--- Records to use Enclosed Below ---

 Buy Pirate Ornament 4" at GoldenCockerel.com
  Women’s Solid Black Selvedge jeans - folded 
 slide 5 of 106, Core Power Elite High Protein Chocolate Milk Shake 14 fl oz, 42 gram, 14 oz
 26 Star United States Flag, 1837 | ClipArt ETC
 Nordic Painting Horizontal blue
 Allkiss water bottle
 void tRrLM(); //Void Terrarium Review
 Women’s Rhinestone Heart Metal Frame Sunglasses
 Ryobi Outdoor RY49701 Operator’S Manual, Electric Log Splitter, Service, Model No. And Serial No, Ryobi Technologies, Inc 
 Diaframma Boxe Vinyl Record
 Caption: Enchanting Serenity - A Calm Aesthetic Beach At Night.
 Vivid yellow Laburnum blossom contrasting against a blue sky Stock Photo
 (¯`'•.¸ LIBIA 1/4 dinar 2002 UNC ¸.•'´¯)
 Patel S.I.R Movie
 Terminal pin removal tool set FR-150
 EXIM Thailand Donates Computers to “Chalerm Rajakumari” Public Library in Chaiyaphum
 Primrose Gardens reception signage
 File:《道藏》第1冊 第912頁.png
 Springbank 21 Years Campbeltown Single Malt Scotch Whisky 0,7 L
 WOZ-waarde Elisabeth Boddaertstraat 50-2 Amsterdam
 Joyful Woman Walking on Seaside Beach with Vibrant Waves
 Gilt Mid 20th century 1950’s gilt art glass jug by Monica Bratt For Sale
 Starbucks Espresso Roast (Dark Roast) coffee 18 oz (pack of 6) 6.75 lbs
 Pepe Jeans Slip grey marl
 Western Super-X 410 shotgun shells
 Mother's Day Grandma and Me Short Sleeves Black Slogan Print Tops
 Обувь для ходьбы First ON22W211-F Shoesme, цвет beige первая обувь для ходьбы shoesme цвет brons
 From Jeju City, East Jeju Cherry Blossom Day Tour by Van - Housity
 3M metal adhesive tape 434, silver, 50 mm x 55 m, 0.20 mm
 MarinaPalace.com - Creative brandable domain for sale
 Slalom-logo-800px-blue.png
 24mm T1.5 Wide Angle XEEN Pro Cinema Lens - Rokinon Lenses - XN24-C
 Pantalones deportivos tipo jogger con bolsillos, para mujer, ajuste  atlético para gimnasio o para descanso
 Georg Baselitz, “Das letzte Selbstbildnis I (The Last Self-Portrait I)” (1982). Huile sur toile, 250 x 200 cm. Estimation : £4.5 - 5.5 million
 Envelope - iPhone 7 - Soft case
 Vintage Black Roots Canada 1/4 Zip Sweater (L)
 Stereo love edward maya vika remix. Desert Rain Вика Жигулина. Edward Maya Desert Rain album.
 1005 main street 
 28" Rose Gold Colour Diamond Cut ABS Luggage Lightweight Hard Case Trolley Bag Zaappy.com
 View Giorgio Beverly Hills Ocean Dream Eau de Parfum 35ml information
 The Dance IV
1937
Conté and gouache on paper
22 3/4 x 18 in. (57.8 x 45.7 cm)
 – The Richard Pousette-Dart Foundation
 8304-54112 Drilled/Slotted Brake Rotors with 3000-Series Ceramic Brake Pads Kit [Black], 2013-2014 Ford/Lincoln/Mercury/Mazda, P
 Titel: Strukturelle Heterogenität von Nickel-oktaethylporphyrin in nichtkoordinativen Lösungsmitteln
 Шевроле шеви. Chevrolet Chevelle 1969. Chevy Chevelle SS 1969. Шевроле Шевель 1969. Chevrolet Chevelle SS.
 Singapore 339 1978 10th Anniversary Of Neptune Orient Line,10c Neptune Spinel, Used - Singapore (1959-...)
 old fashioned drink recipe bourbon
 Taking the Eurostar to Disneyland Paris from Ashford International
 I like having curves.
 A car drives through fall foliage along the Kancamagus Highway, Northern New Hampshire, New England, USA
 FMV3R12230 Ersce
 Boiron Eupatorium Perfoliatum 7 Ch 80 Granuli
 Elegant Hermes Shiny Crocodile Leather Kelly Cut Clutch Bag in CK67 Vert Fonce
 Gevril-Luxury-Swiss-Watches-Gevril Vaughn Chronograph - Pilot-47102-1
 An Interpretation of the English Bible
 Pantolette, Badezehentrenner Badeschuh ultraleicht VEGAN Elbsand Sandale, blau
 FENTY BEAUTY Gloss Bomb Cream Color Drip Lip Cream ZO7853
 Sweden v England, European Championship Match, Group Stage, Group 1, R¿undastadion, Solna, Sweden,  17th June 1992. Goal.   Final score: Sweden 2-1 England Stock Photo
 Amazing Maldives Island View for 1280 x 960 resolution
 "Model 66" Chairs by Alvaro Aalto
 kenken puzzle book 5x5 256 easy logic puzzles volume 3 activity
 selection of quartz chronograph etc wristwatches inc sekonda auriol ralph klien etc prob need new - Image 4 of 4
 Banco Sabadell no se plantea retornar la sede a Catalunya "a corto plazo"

--- End of Enclosed Records to use ---

Above are the entries. Quote exactly the lines from the one bearing "EXIM Thailand Donates" through the one bearing "Richard Pousette-Dart Foundation".

Result of this exercise:
 EXIM Thailand Donates Computers to “Chalerm Rajakumari” Public Library in Chaiyaphum
 Primrose Gardens reception signage
 File:《道藏》第1冊 第912頁.png
 Springbank 21 Years Campbeltown Single Malt Scotch Whisky 0,7 L
 WOZ-waarde Elisabeth Boddaertstraat 50-2 Amsterdam
 Joyful Woman Walking on Seaside Beach with Vibrant Waves
 Gilt Mid 20th century 1950’s gilt art glass jug by Monica Bratt For Sale
 Starbucks Espresso Roast (Dark Roast) coffee 18 oz (pack of 6) 6.75 lbs
 Pepe Jeans Slip grey marl
 Western Super-X 410 shotgun shells
 Mother's Day Grandma and Me Short Sleeves Black Slogan Print Tops
 Обувь для ходьбы First ON22W211-F Shoesme, цвет beige первая обувь для ходьбы shoesme цвет brons
 From Jeju City, East Jeju Cherry Blossom Day Tour by Van - Housity
 3M metal adhesive tape 434, silver, 50 mm x 55 m, 0.20 mm
 MarinaPalace.com - Creative brandable domain for sale
 Slalom-logo-800px-blue.png
 24mm T1.5 Wide Angle XEEN Pro Cinema Lens - Rokinon Lenses - XN24-C
 Pantalones deportivos tipo jogger con bolsillos, para mujer, ajuste  atlético para gimnasio o para descanso
 Georg Baselitz, “Das letzte Selbstbildnis I (The Last Self-Portrait I)” (1982). Huile sur toile, 250 x 200 cm. Estimation : £4.5 - 5.5 million
 Envelope - iPhone 7 - Soft case
 Vintage Black Roots Canada 1/4 Zip Sweater (L)
 Stereo love edward maya vika remix. Desert Rain Вика Жигулина. Edward Maya Desert Rain album.
 1005 main street 
 28" Rose Gold Colour Diamond Cut ABS Luggage Lightweight Hard Case Trolley Bag Zaappy.com
 View Giorgio Beverly Hills Ocean Dream Eau de Parfum 35ml information
 The Dance IV
1937
Conté and gouache on paper
22 3/4 x 18 in. (57.8 x 45.7 cm)
 – The Richard Pousette-Dart Foundation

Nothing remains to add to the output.